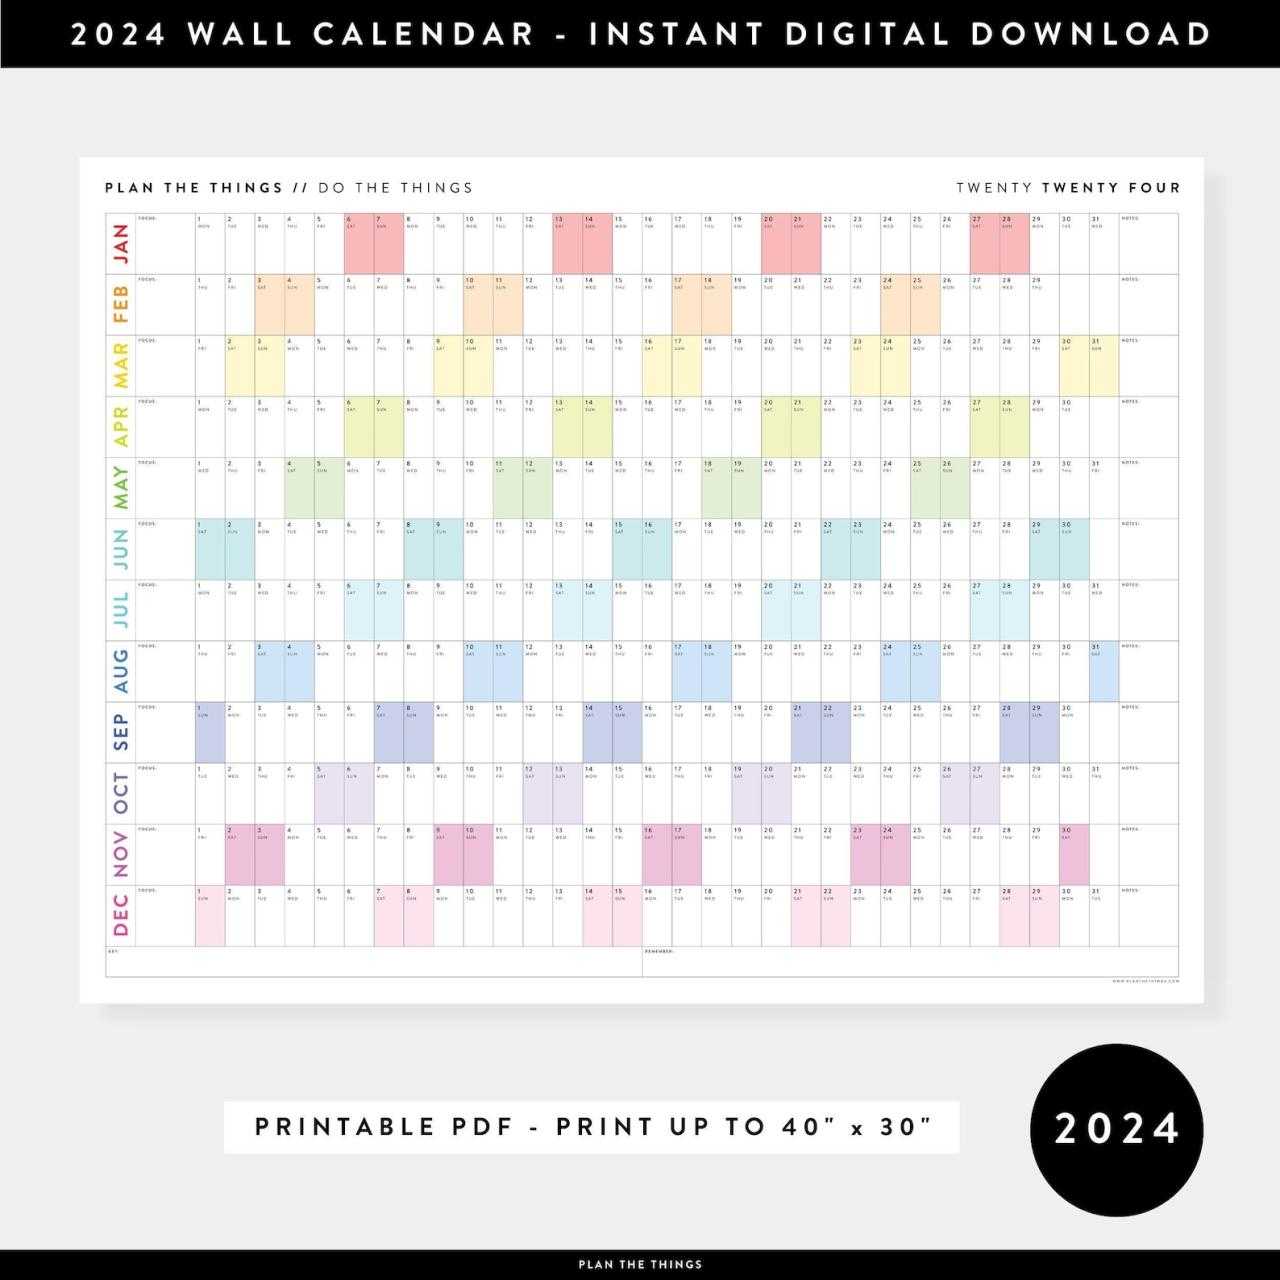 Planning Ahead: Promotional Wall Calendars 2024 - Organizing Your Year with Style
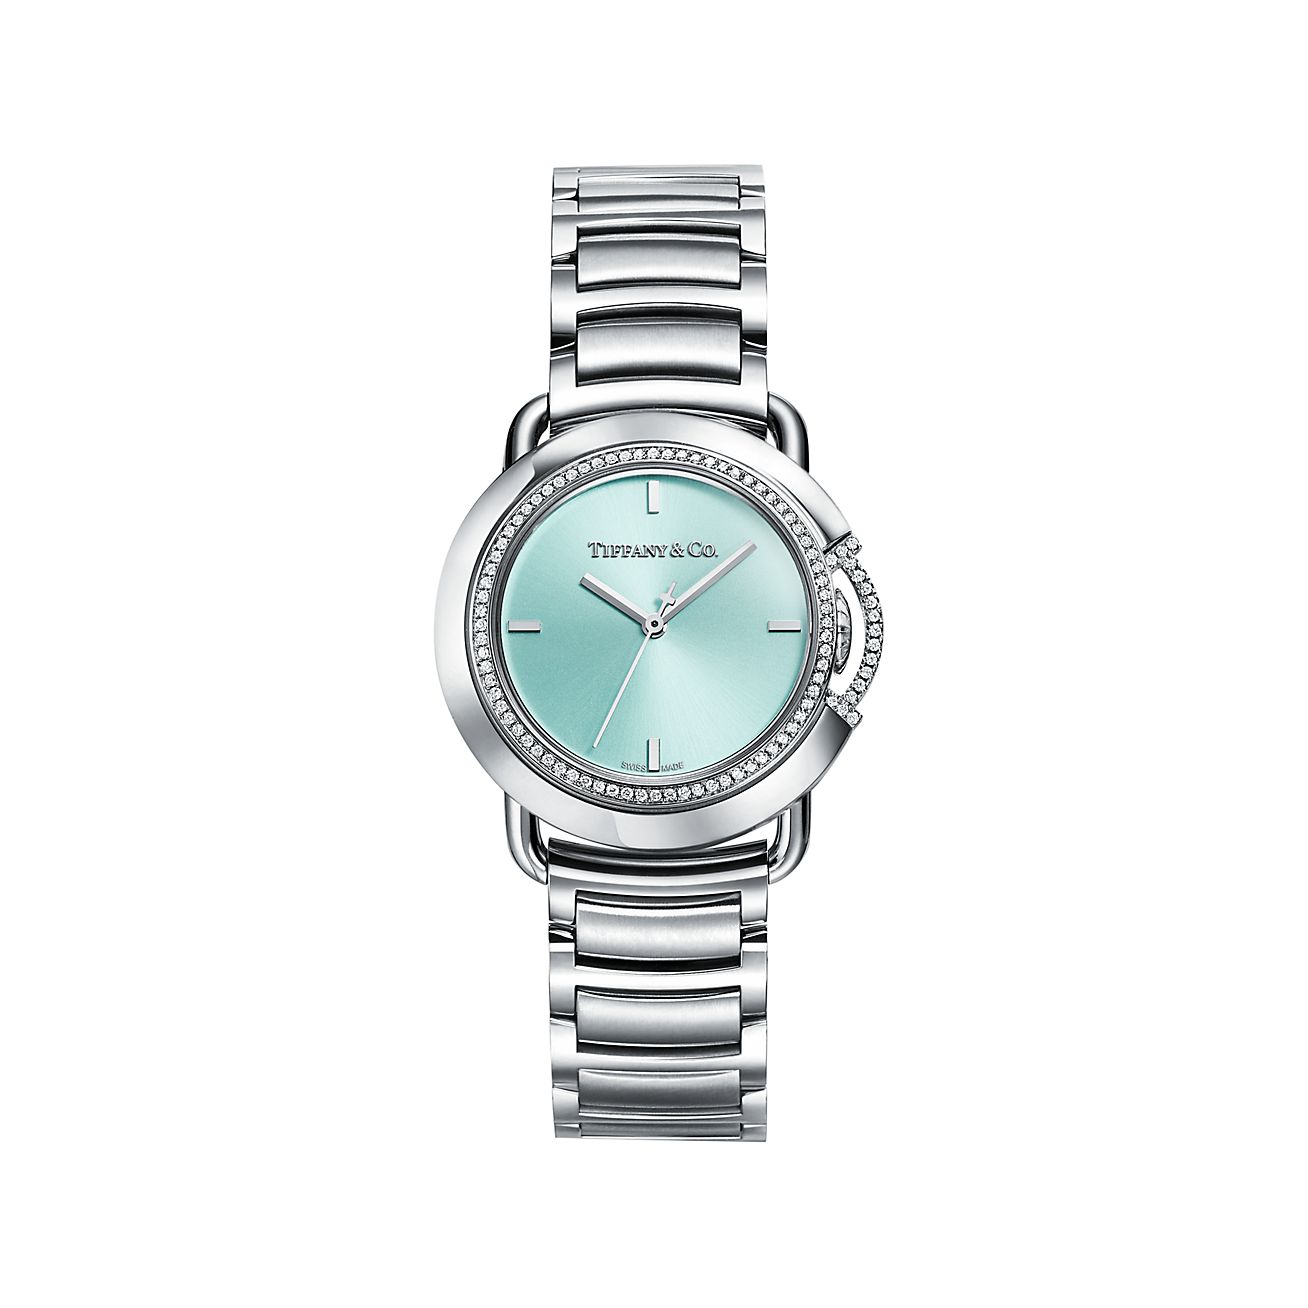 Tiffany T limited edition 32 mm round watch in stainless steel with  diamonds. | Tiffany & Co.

--

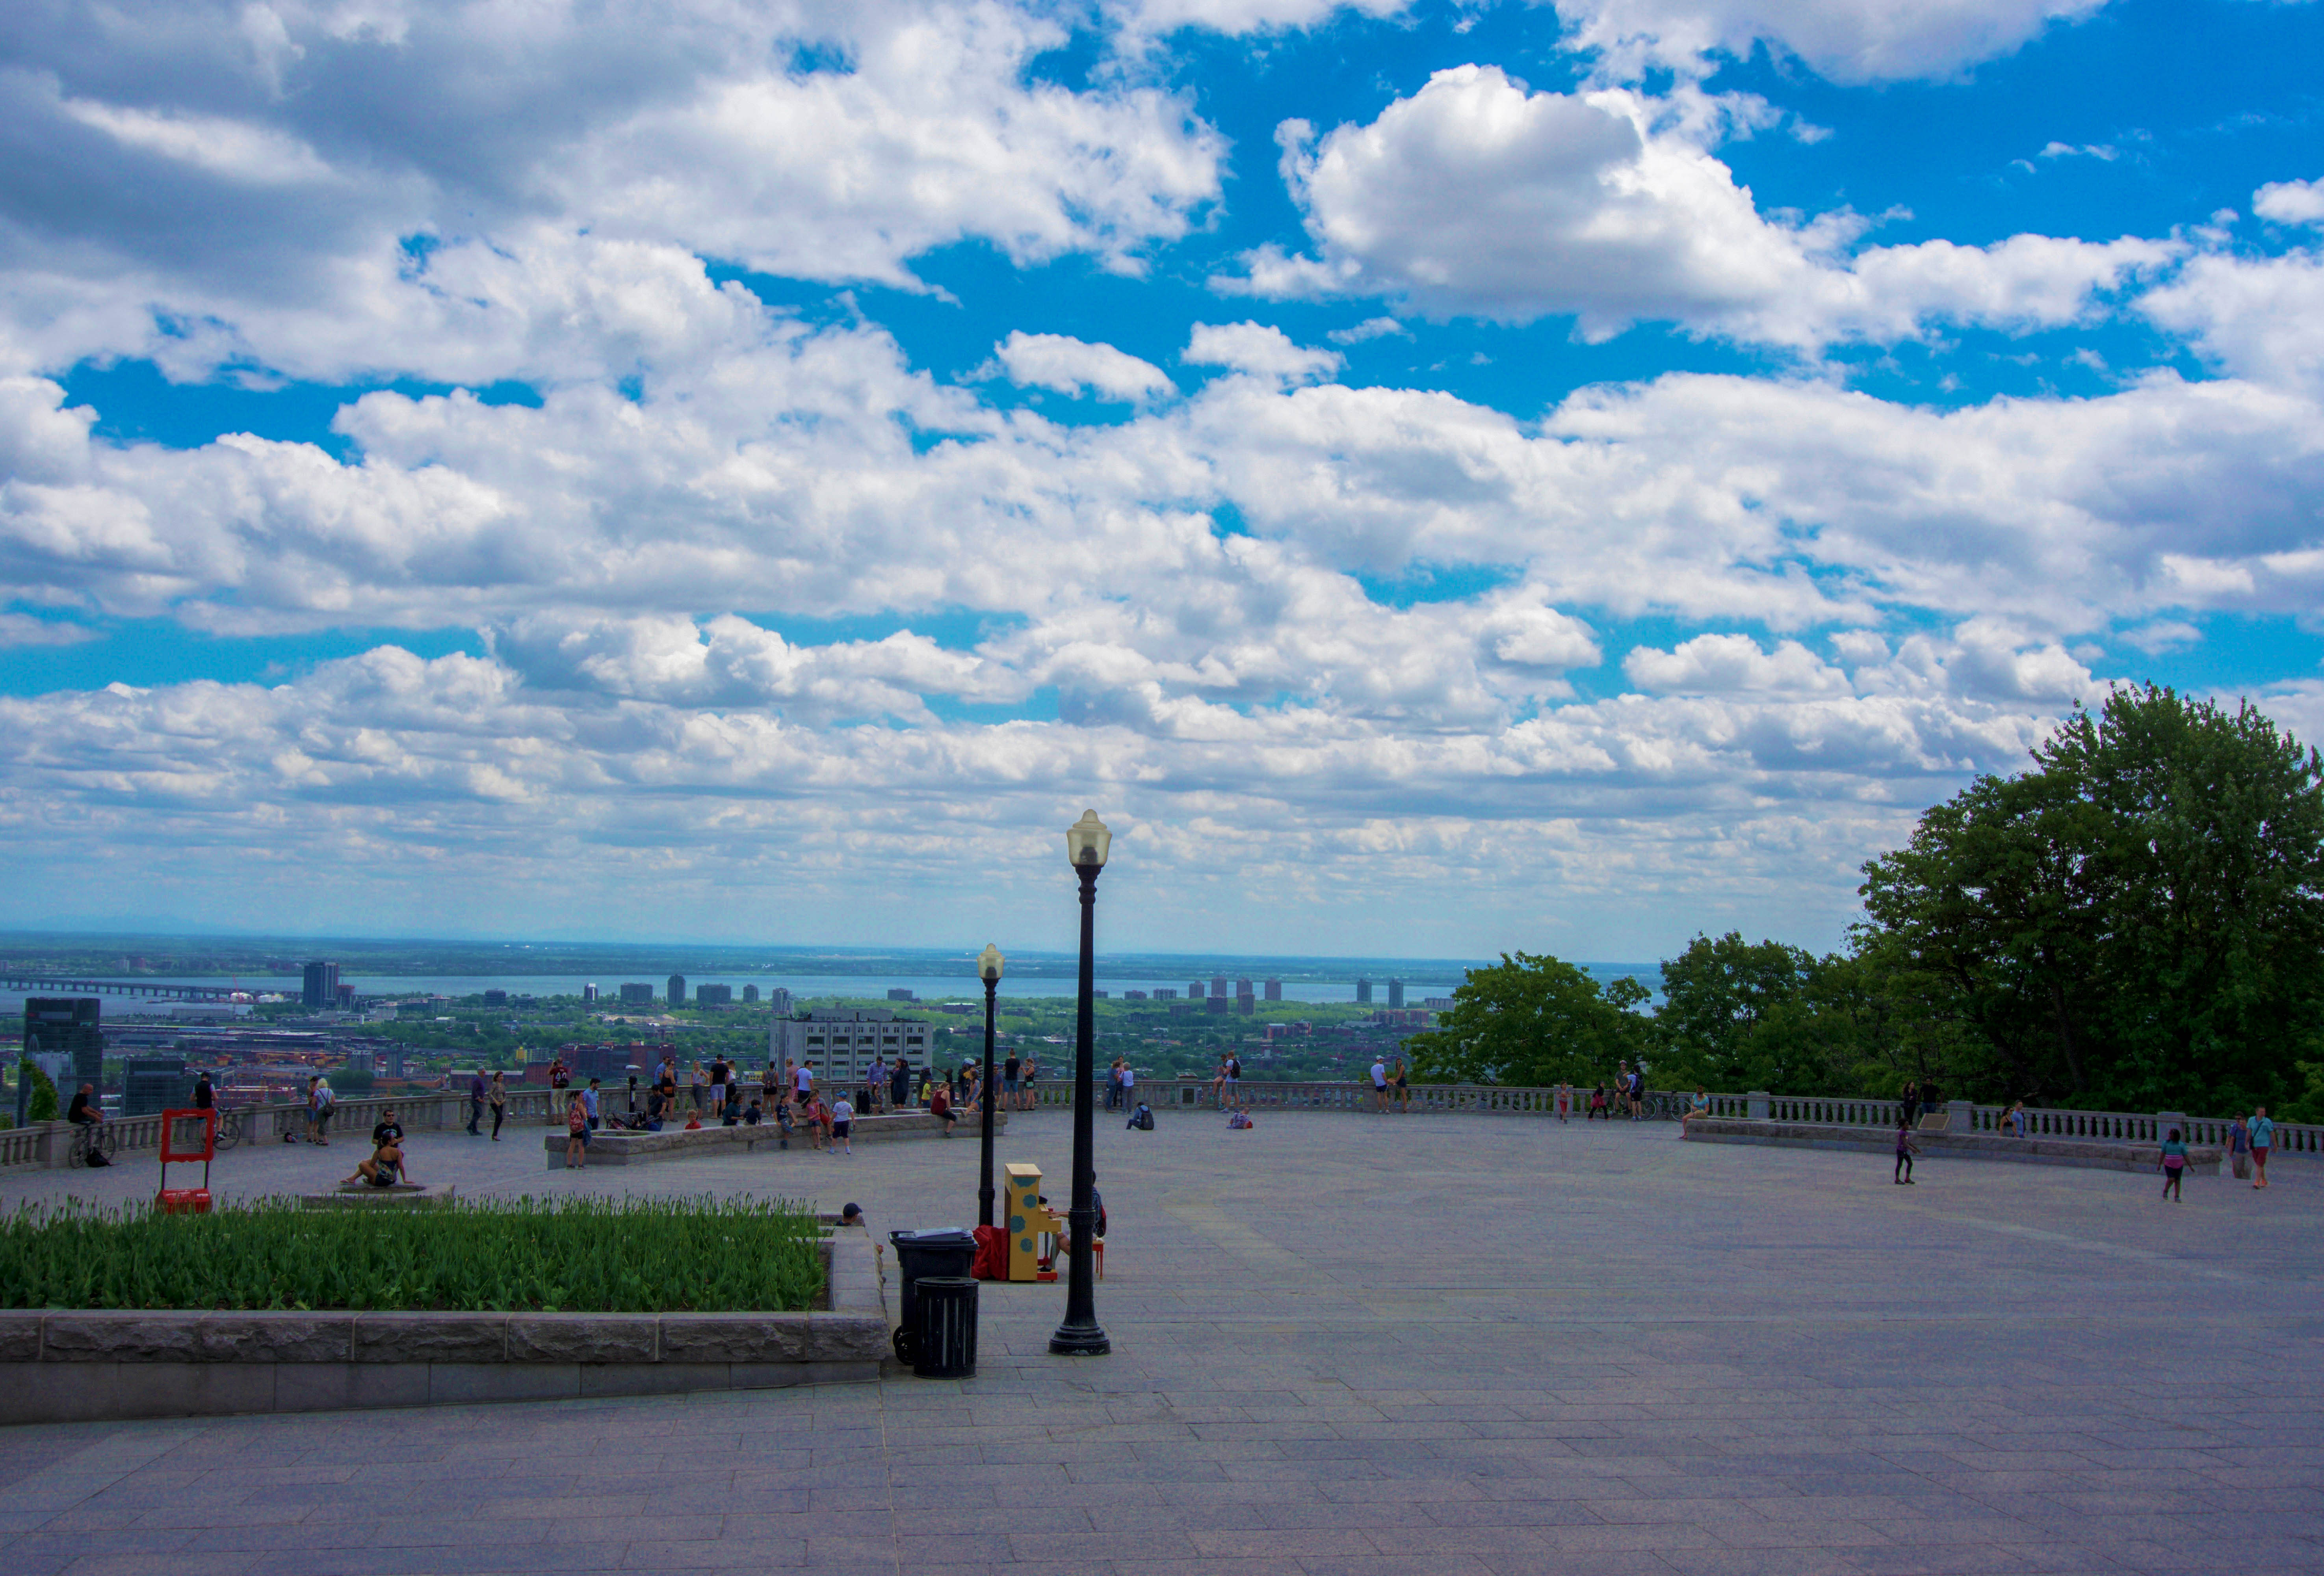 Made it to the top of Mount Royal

## Exercise
Leaving each picture behind, please give again exactly the lines above from the one with "Planning Ahead: Promotional" through the one with "Tiffany T limited", both included, and no others.

## Solved problem
 Planning Ahead: Promotional Wall Calendars 2024 - Organizing Your Year with Style
 Tiffany T limited edition 32 mm round watch in stainless steel with  diamonds. | Tiffany & Co.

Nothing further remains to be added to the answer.